▶ **EXERCISE**
Only some lines are wanted: please transcribe exactly those from the one containing "Adidas LOUNGEWEAR Essentials" through the end of the data, pictures excluded.
Segment Start: SOURCE DATA
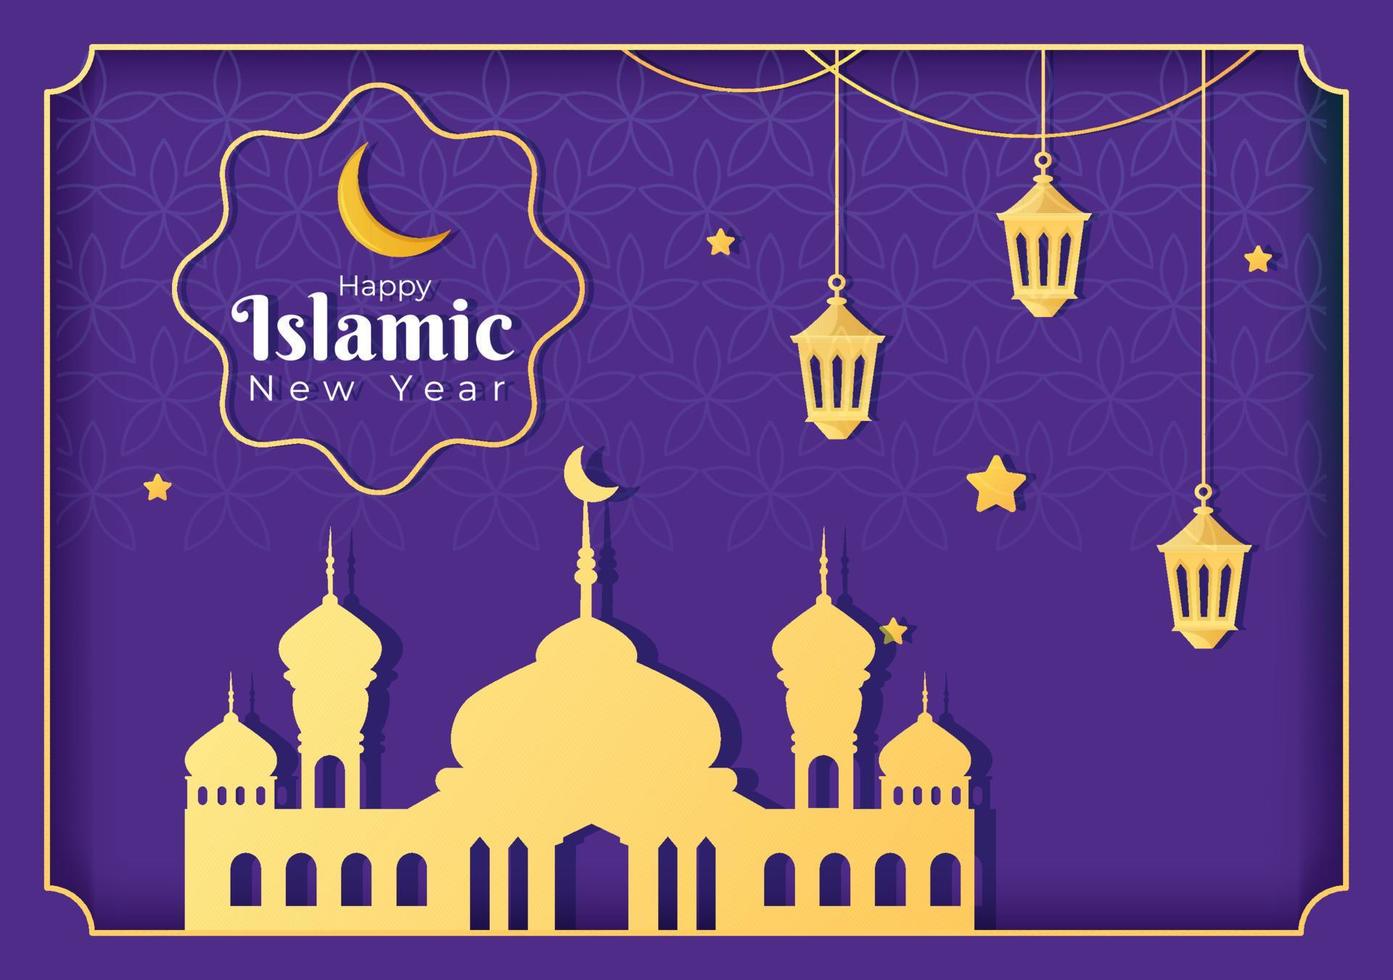 le jour du nouvel an islamique ou 1 muharram vector illustration de fond de famille musulmane célébrant peut être utilisé pour une carte de voeux ou une invitation
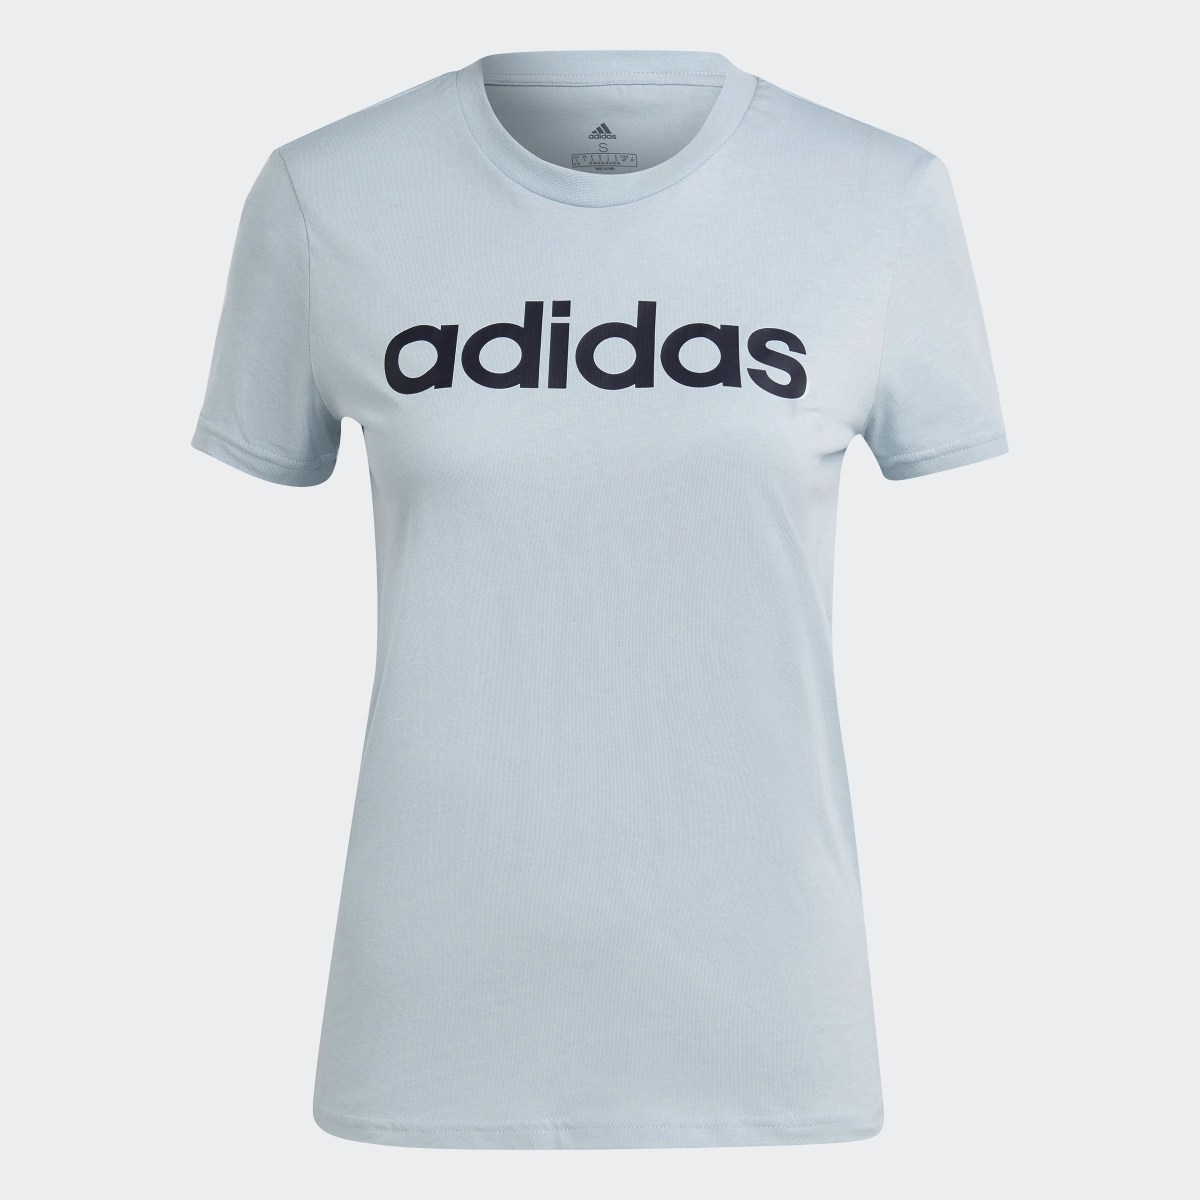 Adidas LOUNGEWEAR Essentials Slim Logo T-Shirt. 5
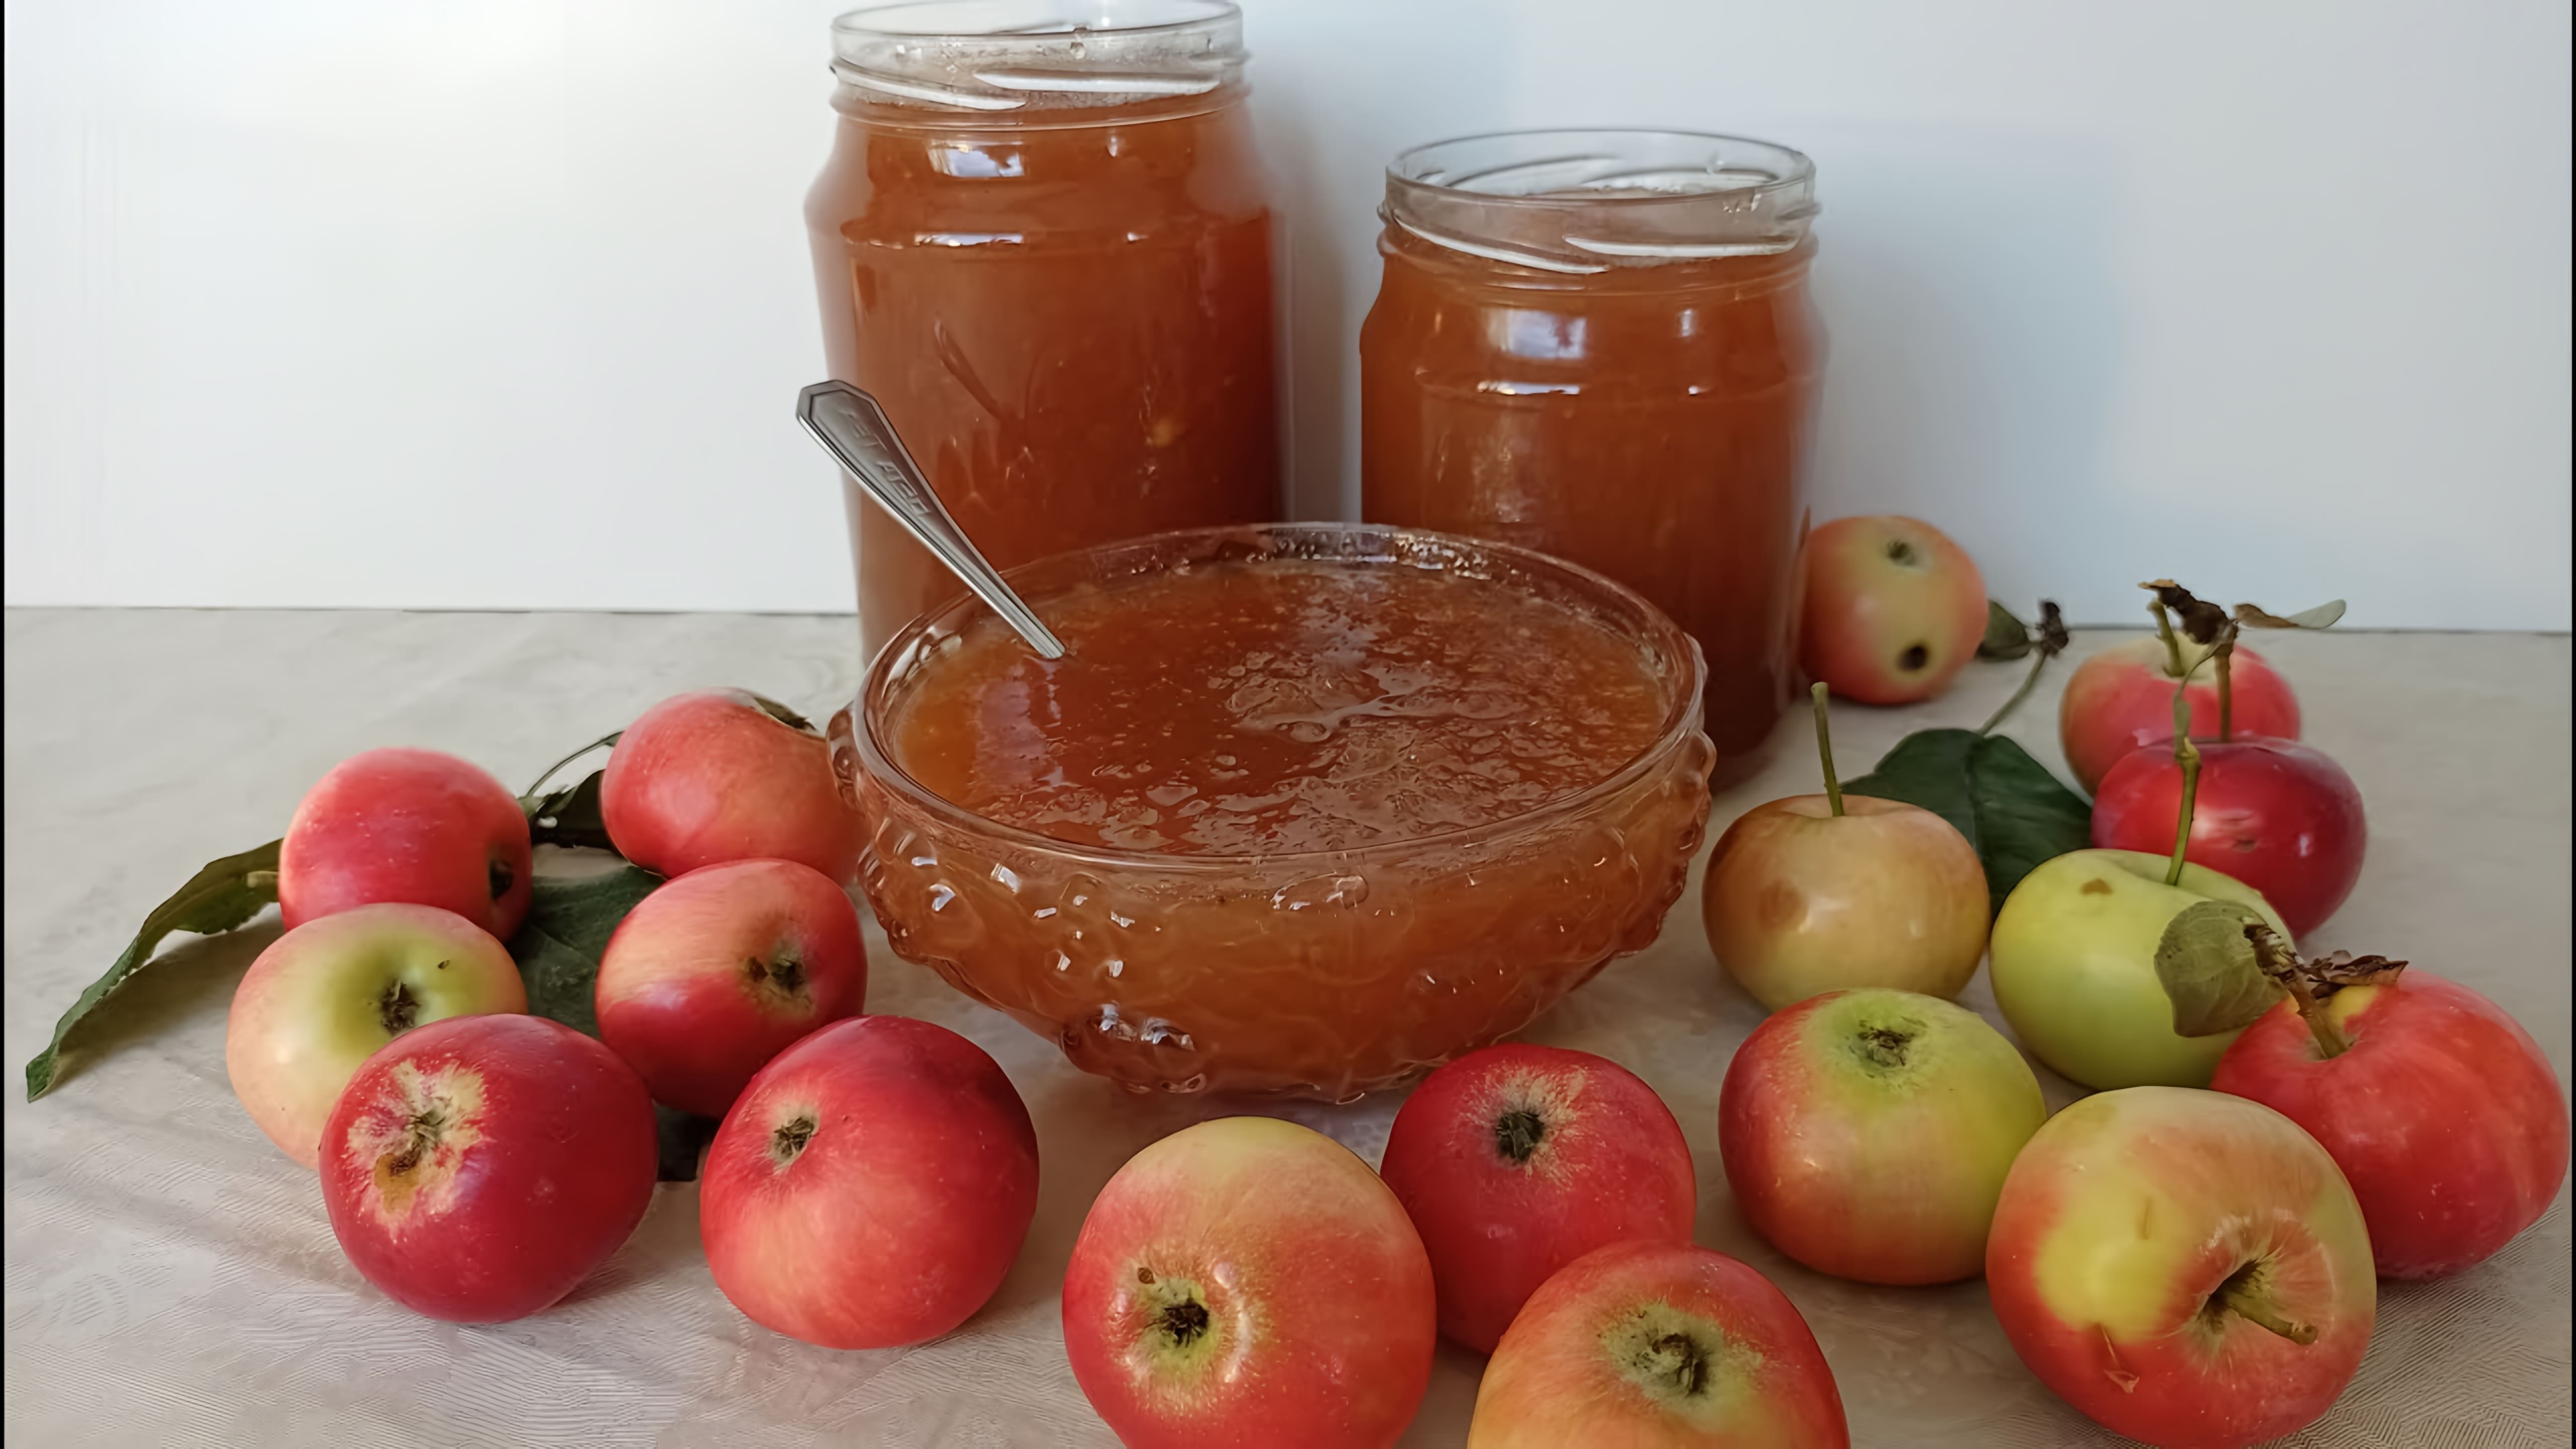 Яблочный Джем - это вкусное и полезное лакомство, которое можно приготовить в домашних условиях
Segment End: SOURCE DATA
▶ **WORKED SOLUTION**
 Adidas LOUNGEWEAR Essentials Slim Logo T-Shirt. 5
 Яблочный Джем - это вкусное и полезное лакомство, которое можно приготовить в домашних условиях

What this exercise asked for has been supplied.